At this session, at the conclusion of Palmer’s report, the Left Opposition moved that the Congress Organization Committee publish a summary of the negotiations up to date. Palmer ruled that the motion was out of order for lack of a second. He was about to proceed to the next item on the agenda when the miracle happened. Five delegates got up, one after another, and spoke for the motion. And it carried!

We attribute this stroke of good fortune to two causes. Palmer’s report was too raw for Communists to swallow. And the front line Stalinist bureaucrats were not present to put the seal of authority and discipline on this opportunist brew. Nessin, Winter, Ballam, Moore must be mightily pleased with the results of the Negotiations Committee and content to let it replace the organs of the united front in broadening the Mooney movement. They did not attend the meeting of the Congress Organization Committee!

The speakers’ committees of which Nessin is the chairman reported through one of its members that, among the speakers for the Mooney mass meeting which is being arranged for April 27, will be, if the committee’s invitation is accepted, Rabbi Stephen S. Wise.

Wise needs no introduction to our readers. His attitude toward the Soviet Union and the working class movement is well known. It is sometimes necessary to suffer such people in united fronts – when they are the representatives of organizations participating in the united front. But that is not the case with Wise. He represents no one in this united front. Why does the party invite him to speak? This is not the way to build a united movement. But it is the Stalinist opportunist substitute for it. These adventurers think they will use Wise to fool the masses into believing that Hathaway and Wise on the platform are symbols of a united movement!

Strenuous objection was made to Wise by Linn of the I.W.O. and the Left Opposition. The motion of the Left Opposition to reject him was defeated. A motion to refer the matter back to the speakers’ committee carried.

That is how the movement for Mooney’s release stands now. The S.P. continues its cynical sabotage of the movement with impunity. And the Stalinists pursue their course deeper into the swamp. There were some people who greeted the party’s turn from the ultra Leftism of the united front from below with the hope that the Stalinists were steering a correct course. They showed little understanding of the nature of bureaucratic centrism. The Stalinists are incapable of pursuing a correct policy consistently. They move either to the extreme of ultra-Leftism or to the opposite extreme of Right opportunism. This is the direction in which they are pushing the party today.

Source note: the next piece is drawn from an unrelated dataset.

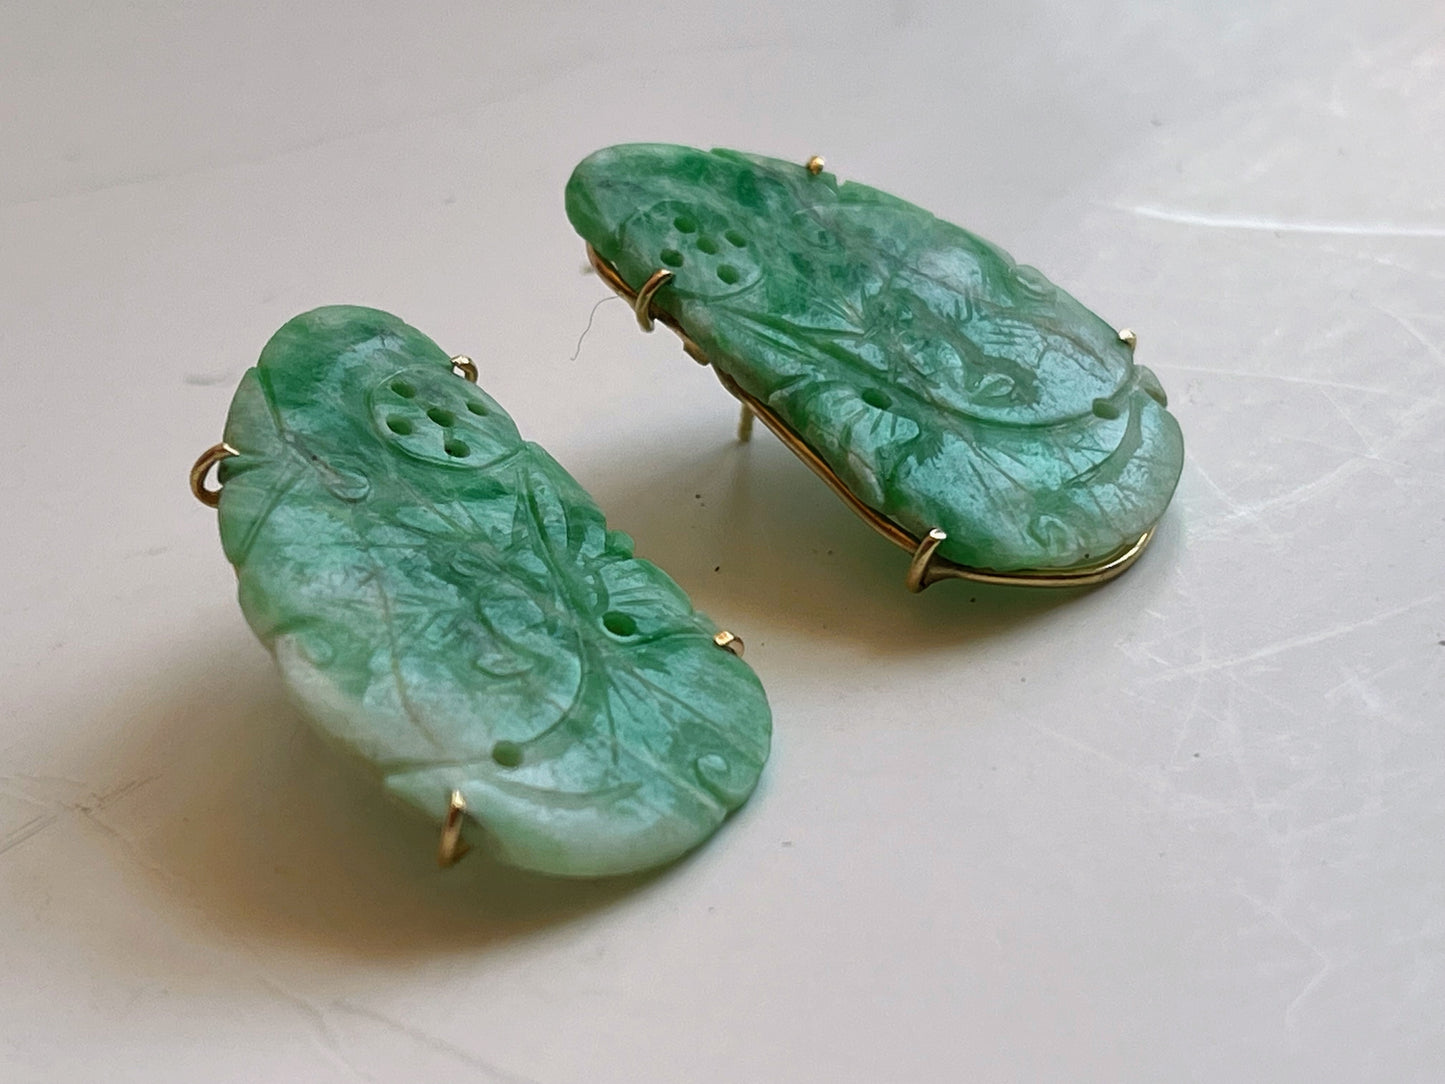 A pair of jade earrings in 14kt gold

That Muste and Palmer would engineer such dickers with the S.P. as this is to be expected. That is their political milieu. But that the Communist party should become a partner to such a shameful business is the special contribution to the repertoire of opportunism of Stalinism – a species of social reformism within the Communist movement. For people who turned over the leadership of the Chinese revolution to Chiang Kai-Shek, of the English General Strike to Purcell and Cook, of the fight against war to Holland and Barbusse it is a little matter to turn over to a Frank Palmer and a Muste the initiative in and the choice of method of building a united front movement to get Mooney out of jail! Against them and all they stand for the Left Opposition carries on and will continue to wage an irreconcilable struggle.